Description
Question 1: Facial Recognition and Fast Image Retrieval (7 points)
In this question you will implement a simplified recognition and retrieval system for images of faces
based on the one discussed in class. Suppose you have a dataset of facial images for your employees.
You want to build a system that can recognize an employee and let them into the office, or detect a
stranger and deny access. The provided pretrained model and data is obtained from
https://www.coursera.org/learn/convolutional-neural-networks/home/week/4. Refer to facenet.py for
loading the model and data.
a. [0.5 points] Suppose you have a few (around 5 images) per employee. Is it a good idea to
train a neural network to classify an input image into either one of the employees and an
“unknown” category? Why or why not?
b. [0.5 point] When using a bag of visual words description of images, it is helpful to use a
TF-IDF (term frequency inverse document frequency) weighting of each word. Explain the
benefit of using TF-IDF over a present/absent representation.
c. [0.5 point] For our recognition and retrieval system we want our descriptors to be invariant to
changes in pose or lighting. We can use a pretrained model to recover an embedding for faces
that maps images of faces to a 128-dimensional vector. For more details check out FaceNet
https://arxiv.org/pdf/1503.03832.pdf. The provided code includes the Keras model and
pretrained weights. The model takes in a 96×96 RBG image, and outputs a 128 dimensional
embedding. For each image in the saved_faces directory compute and save its embedding.
Note that in this case each image has only one descriptor which is the embedding.
d. [0.5 points] For image retrieval, the embeddings have to be clustered. Explain the purpose of
this step.
e. [1 point] Using K-means clustering, cluster your saved embeddings into 6 clusters (number of
distinct persons in the data). You may use the scikit-learn function for k-means clustering.
What should you choose as your visual word representation?
f. [1 point] Write an inverted index for your saved_faces dataset. For this step, you can assign
an integer from 0 to 5 for each distinct visual word. You can save your visual words in a 2D
numpy array, using the index to select a specific visual word. You can save it for later use
using numpy.save(). Then for each image in saved_faces, find its corresponding visual word
(note that you can use the output of K-means for this). Your inverted index can be a
dictionary where the key is the index of the word and the values are image filenames.

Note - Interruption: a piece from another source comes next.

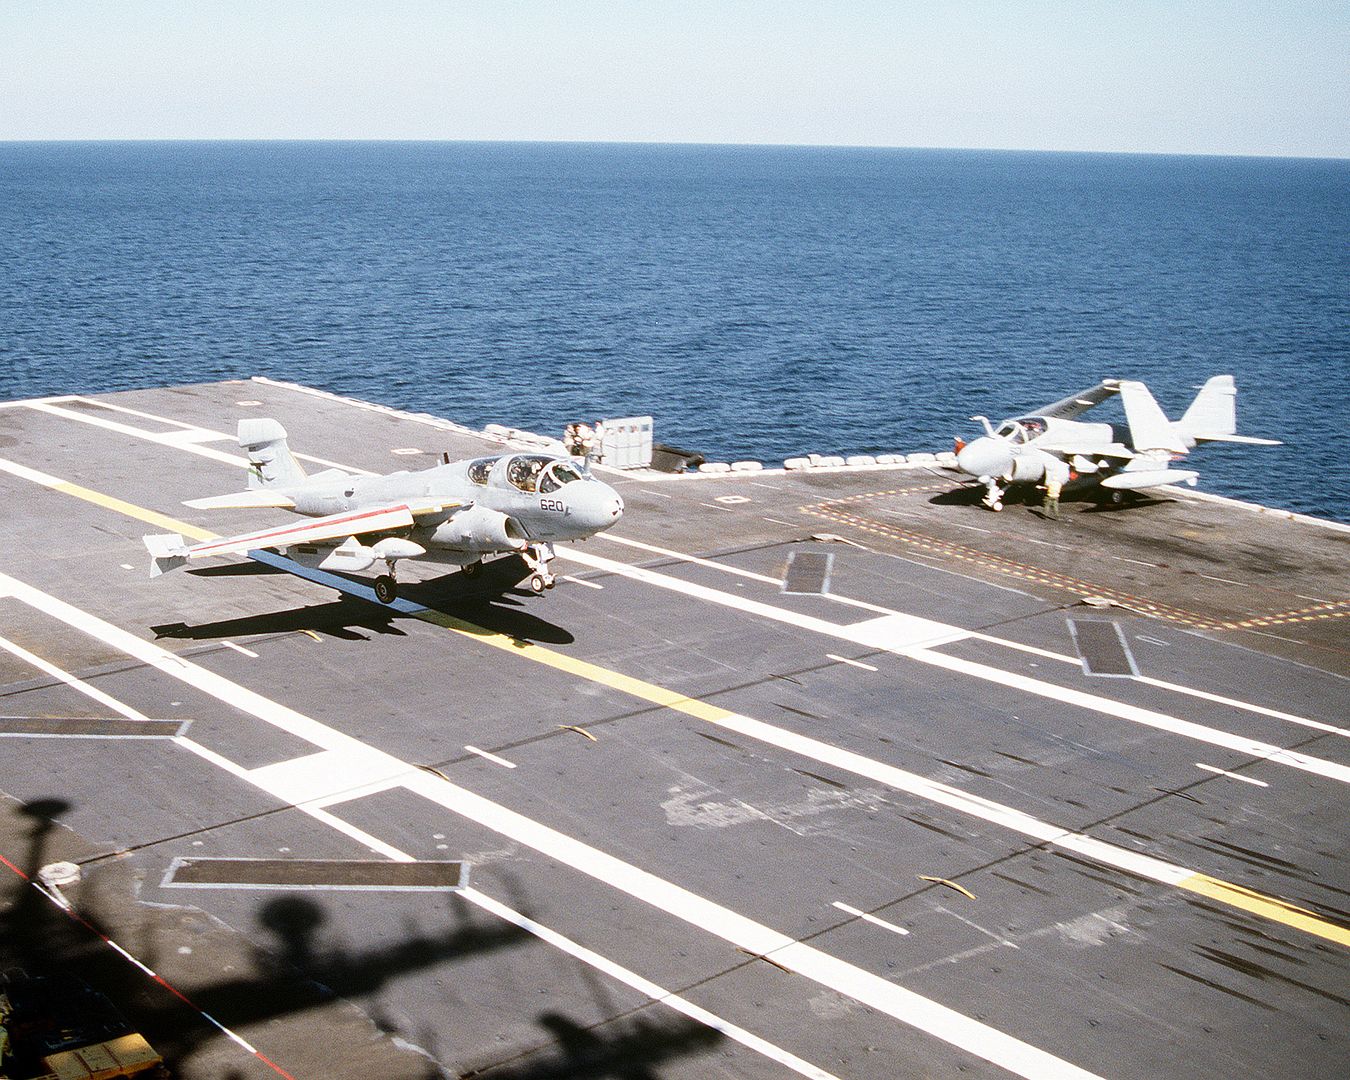 Powered Aircraft Carrier USS ABRAHAM LINCOLN

g. [1 point] For each image in input_faces, you want to find it’s matching images from
saved_faces. Describe a method to do this.
h. [1 point] Implement your method from part g. Note that one of the images is a new person
and should produce no matches. Your output file should include the input image name, along
with the names of all images that matched next to it. Don’t worry if there are a few false
matches. You will be marked based on your approach rather than having a perfect output.
i. [1 points] So far the task was to find corresponding images where there is only one person per
image. Suppose you hold an office party and take lots of pictures. Your employees want to
find pictures of themselves, even when taken with other people. Describe a more general
retrieval system based on the idea of face embeddings. What are the challenges in this case?
You may use drawings/diagrams to support your explanation.
Question 2: Deep Learning (5 points)
In this question you will experiment with training and evaluating an image classifier on the
fashion-MNIST dataset (because MNIST is too easy).
Refer to https://www.tensorflow.org/tutorials/keras/basic_classification to learn how to interact with
the dataset using tensorflow or keras,
Refer to https://pytorch.org/docs/master/torchvision/datasets.html#fashion-mnist if you prefer to use
pytorch.
For free GPU access you can use https://colab.research.google.com/ to speed up training.
a. [0.5 points] Describe the vanishing gradient problem. What are some ways to mitigate the
vanishing gradient problem?
b. [0.5 points] Why do CNN’s include max pooling layers?
c. [0.5 point] After loading and preprocessing the data:
i. Show a bar graph of the number of instances in each class.
ii. Split your data into a training set and validation set. Something like 70-30 is fine.
d. [0.5 point] Build a model using keras, tensorflow or pytorch. Think about your choice of
activation functions, number of layers…etc What should the activation at the output be? Don’t
worry if you don’t initially have an idea about the hyperparameters of your model, the point is
to try different things and experiment.
e. [0.5 point] Define your loss function in terms of you model’s prediction and ground truth
label. Write it down in the pdf.
f. [1.5 points] Write a training loop to train your model (you may use Adam as your optimizer,
but feel free to experiment). Credit is given for plotting the training loss and validation loss,
as well as the training and validation accuracy. What is your choice of batch size? When
should you stop training? You may change your initial architecture and hyperparameters if
you don’t like your results. Try to get over 88% test set accuracy. In your report, make a
diagram of your final architecture, learning rate, batch size, number of epochs trained and
final training/validation loss and accuracy. Include your plots in your report.
g. [1 point] Plot the training and validation curves (loss and accuracy) for different batch sizes.
Try 8, 16, 32, 64. Include the plots in your report and comment on your results.